The reply must repeat the listing below exactly and carry none of its pictures.

▸ **PROVIDED DATA**:
===
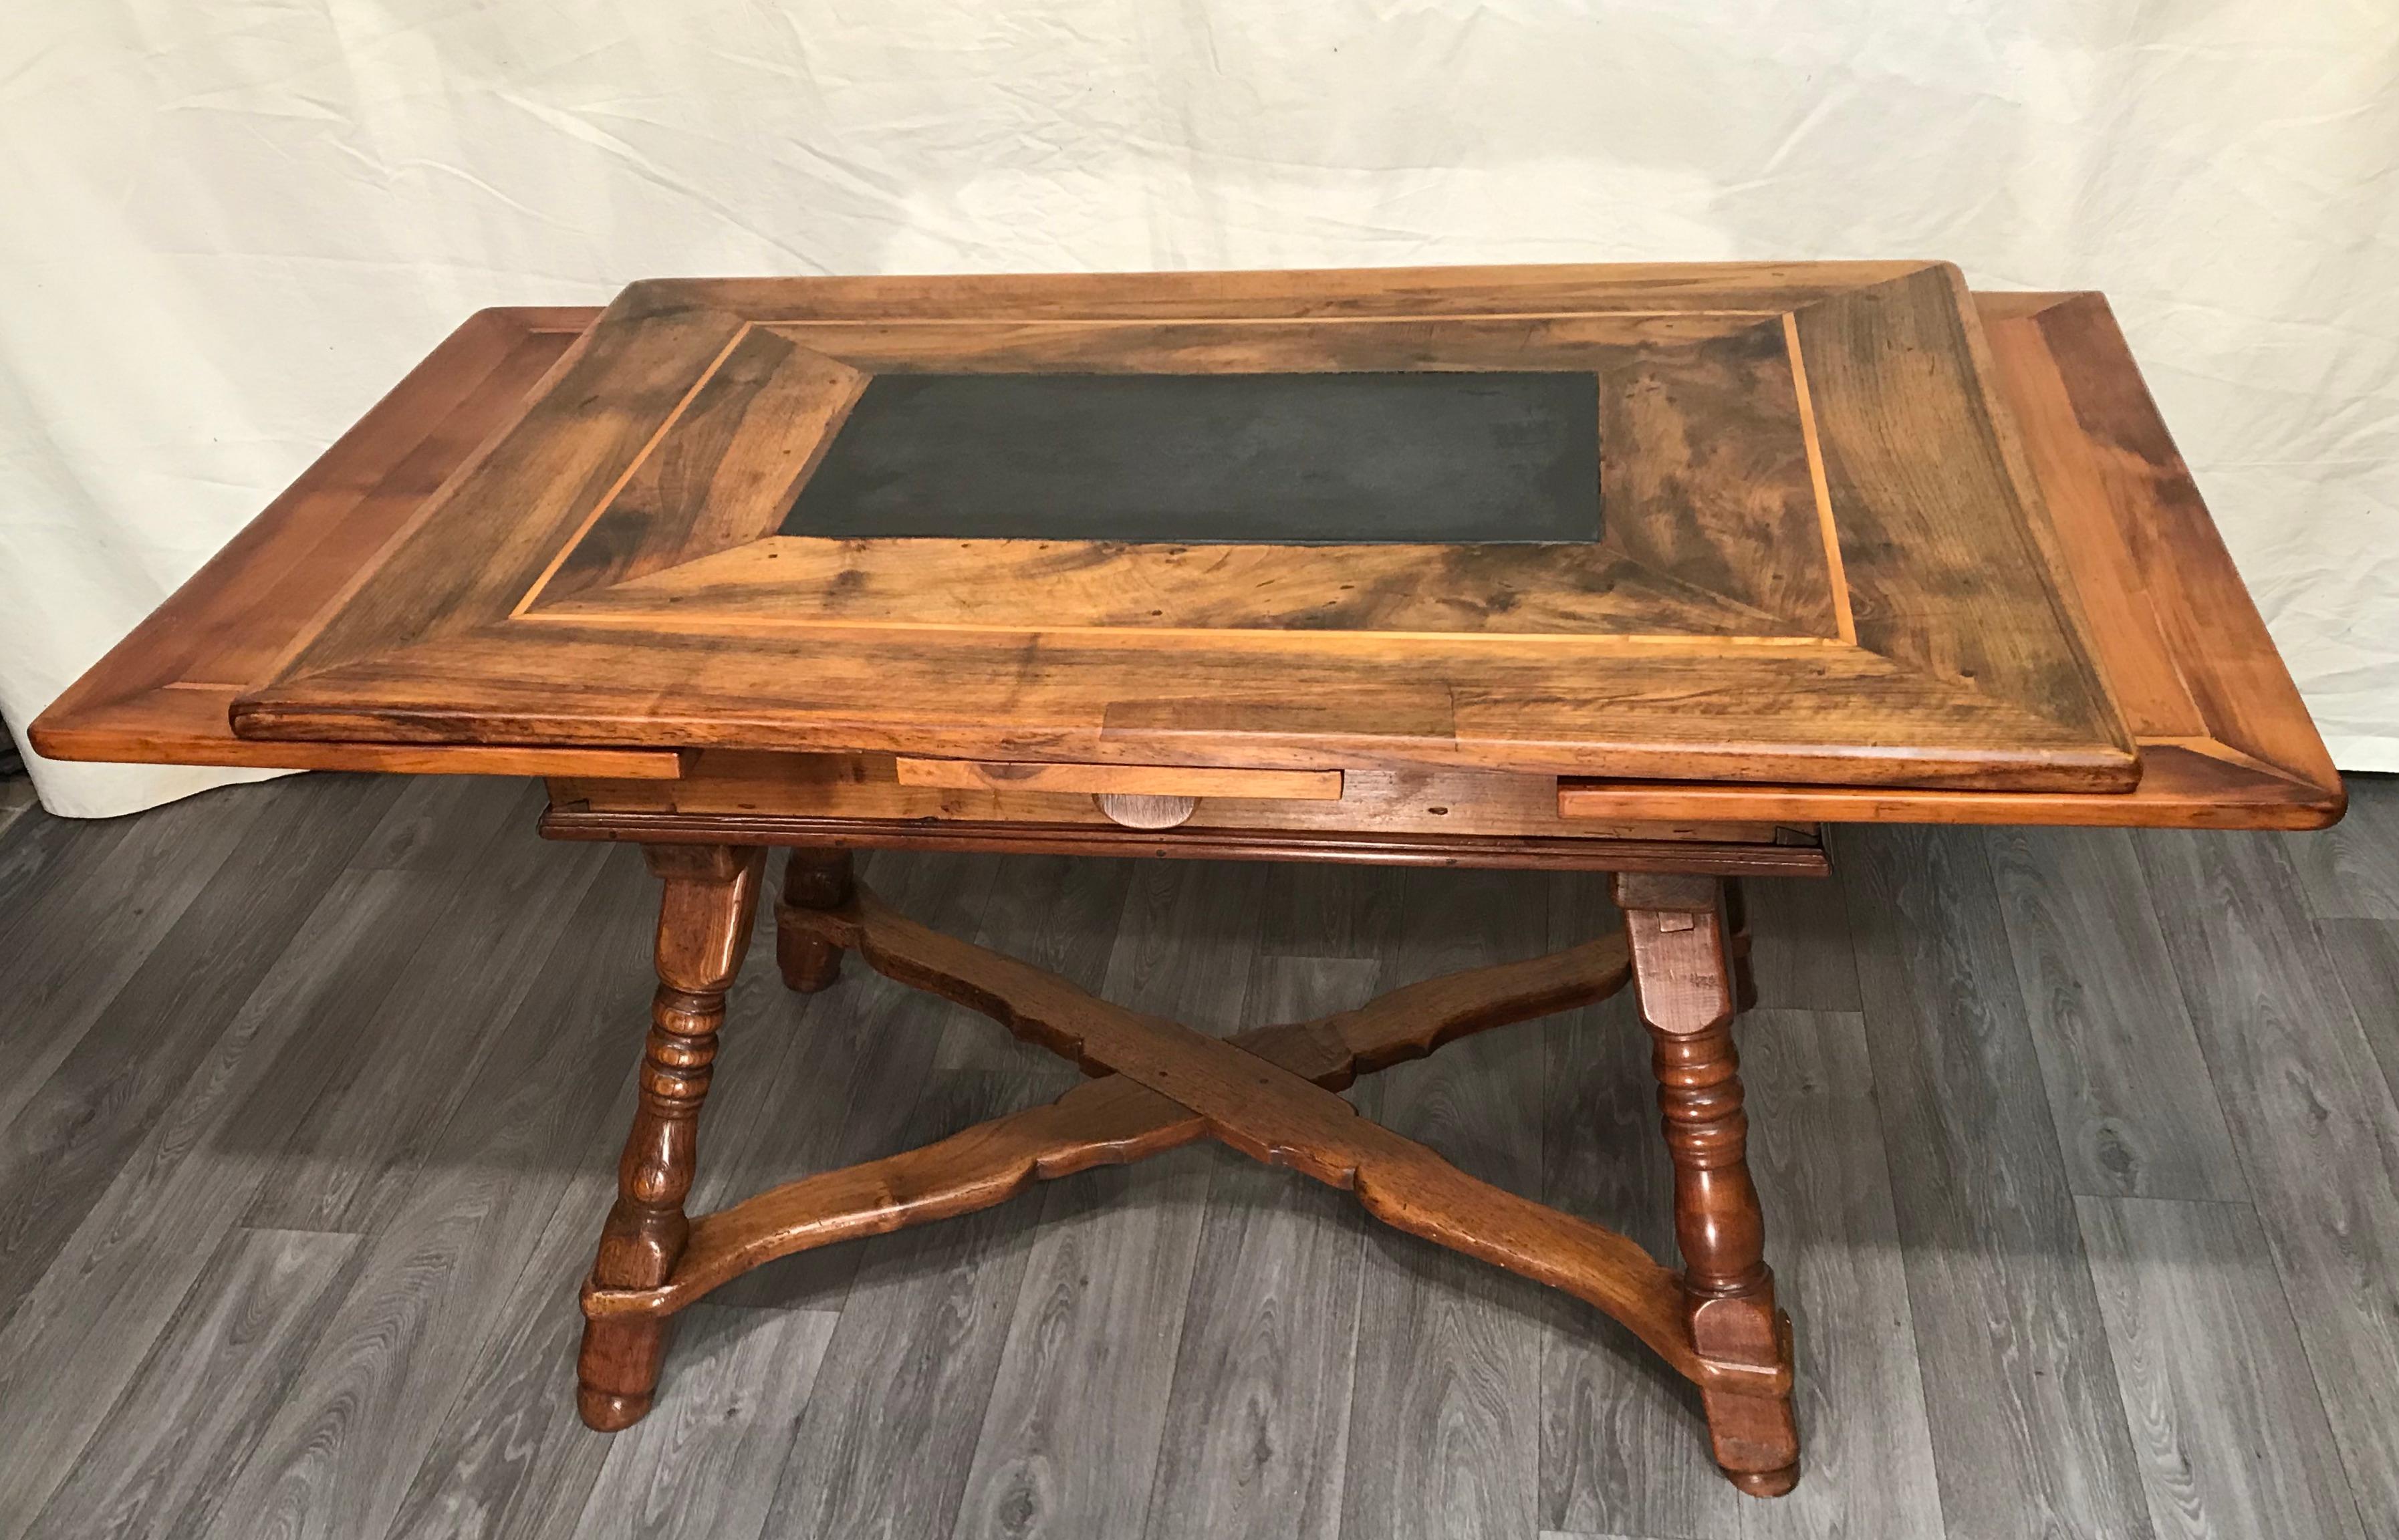 This extendable Swiss farm dining table of the 18th century is made of massive walnut. The center of the table has a slate slap. This is a typical detail of a Swiss rustic table of the 17th and 18th century. As a special feature this table is
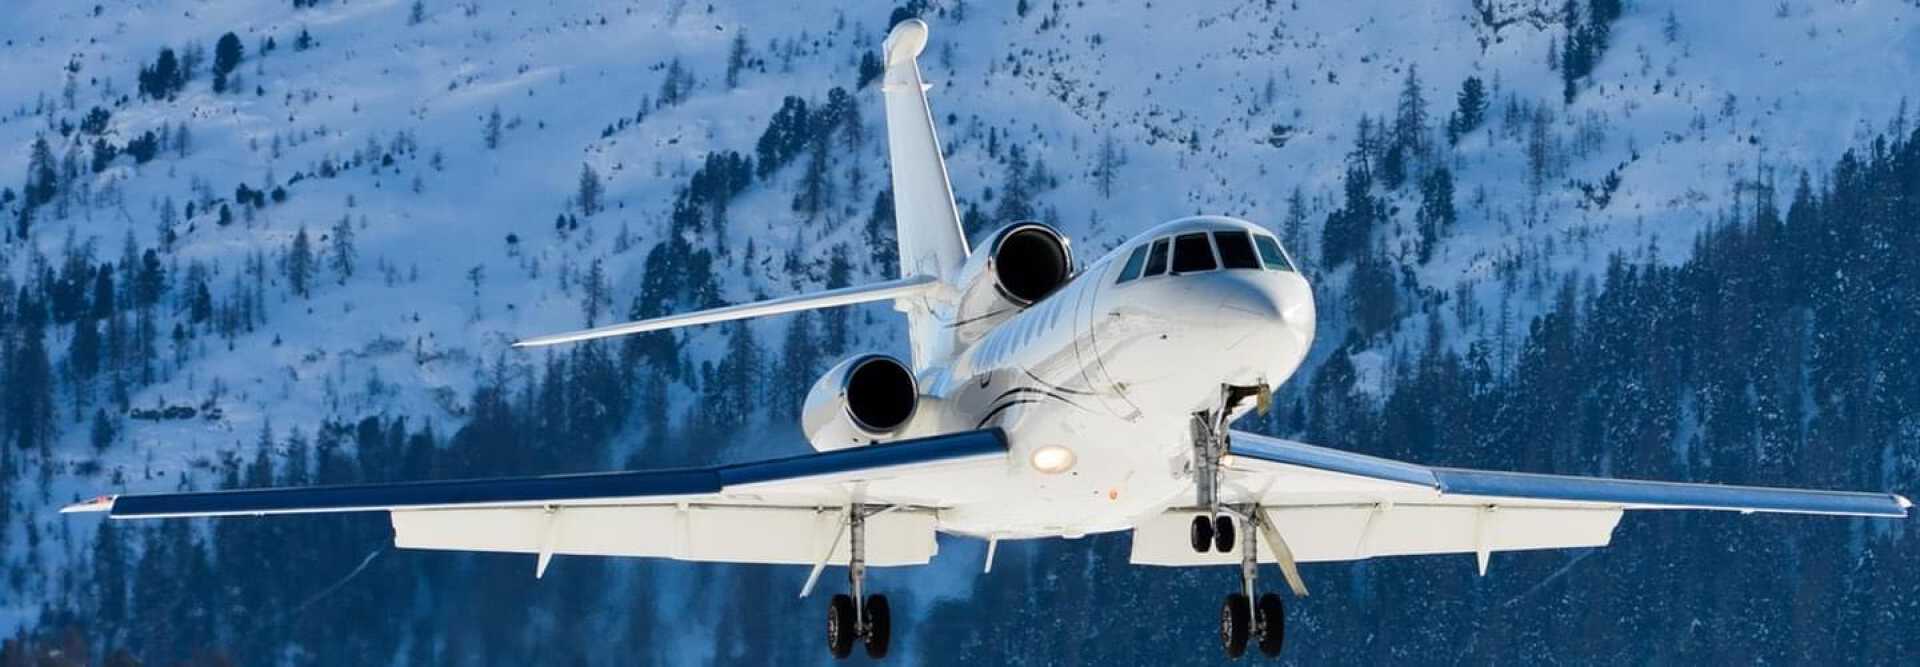 Midsize Jet Dassault Falcon 50EX to charter for private aviation flights with LunaJets, stylish corporate aircraft for medium-haul flights
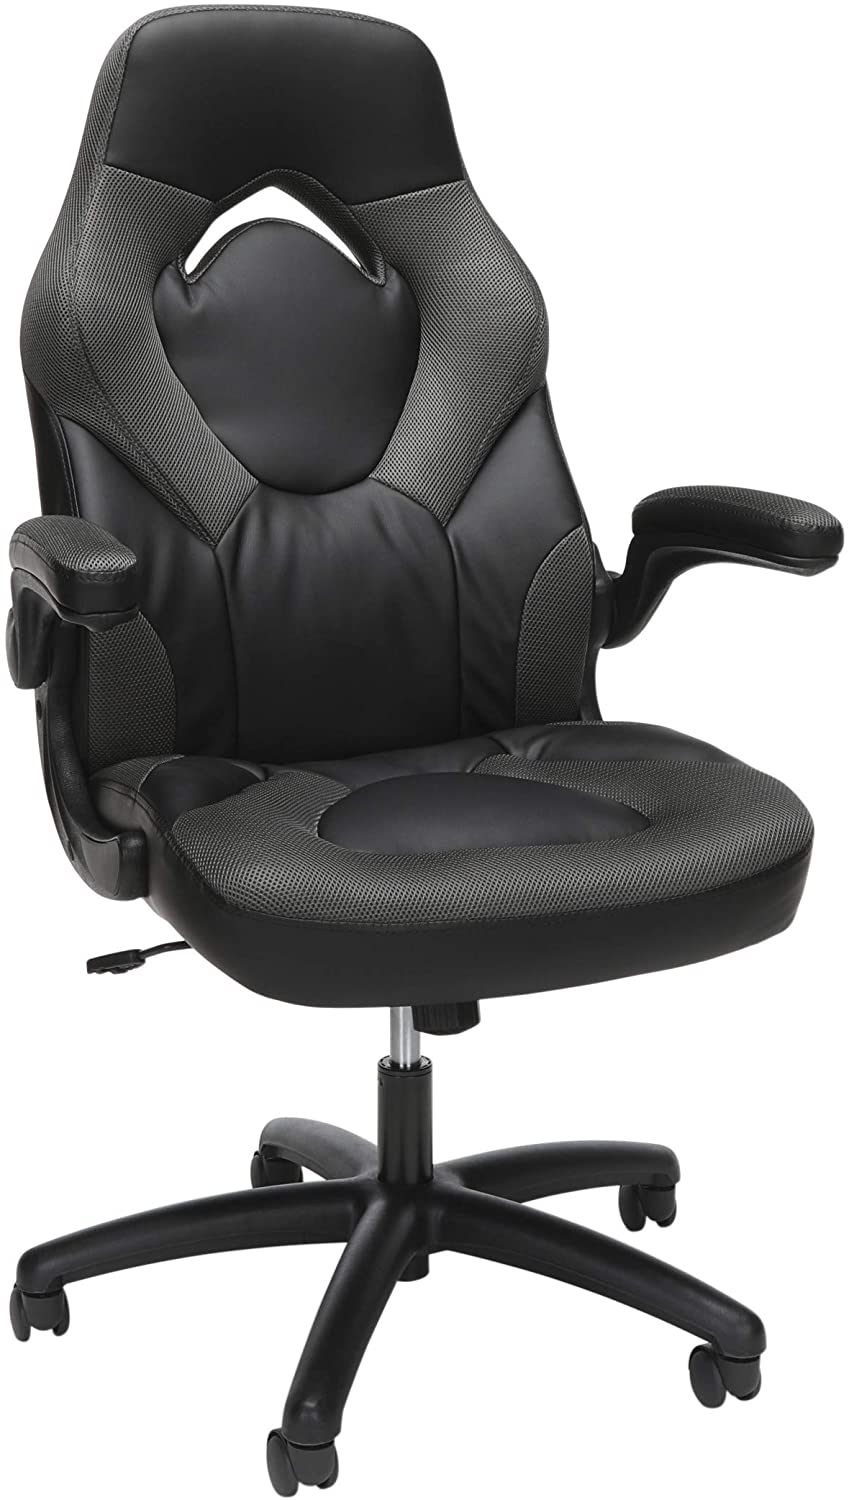 2. OFM ESS Collection Racing Style Bonded ( Leather Gaming Chair)
===
▸ **YOUR SOLUTION**:
 This extendable Swiss farm dining table of the 18th century is made of massive walnut. The center of the table has a slate slap. This is a typical detail of a Swiss rustic table of the 17th and 18th century. As a special feature this table is
 Midsize Jet Dassault Falcon 50EX to charter for private aviation flights with LunaJets, stylish corporate aircraft for medium-haul flights
 2. OFM ESS Collection Racing Style Bonded ( Leather Gaming Chair)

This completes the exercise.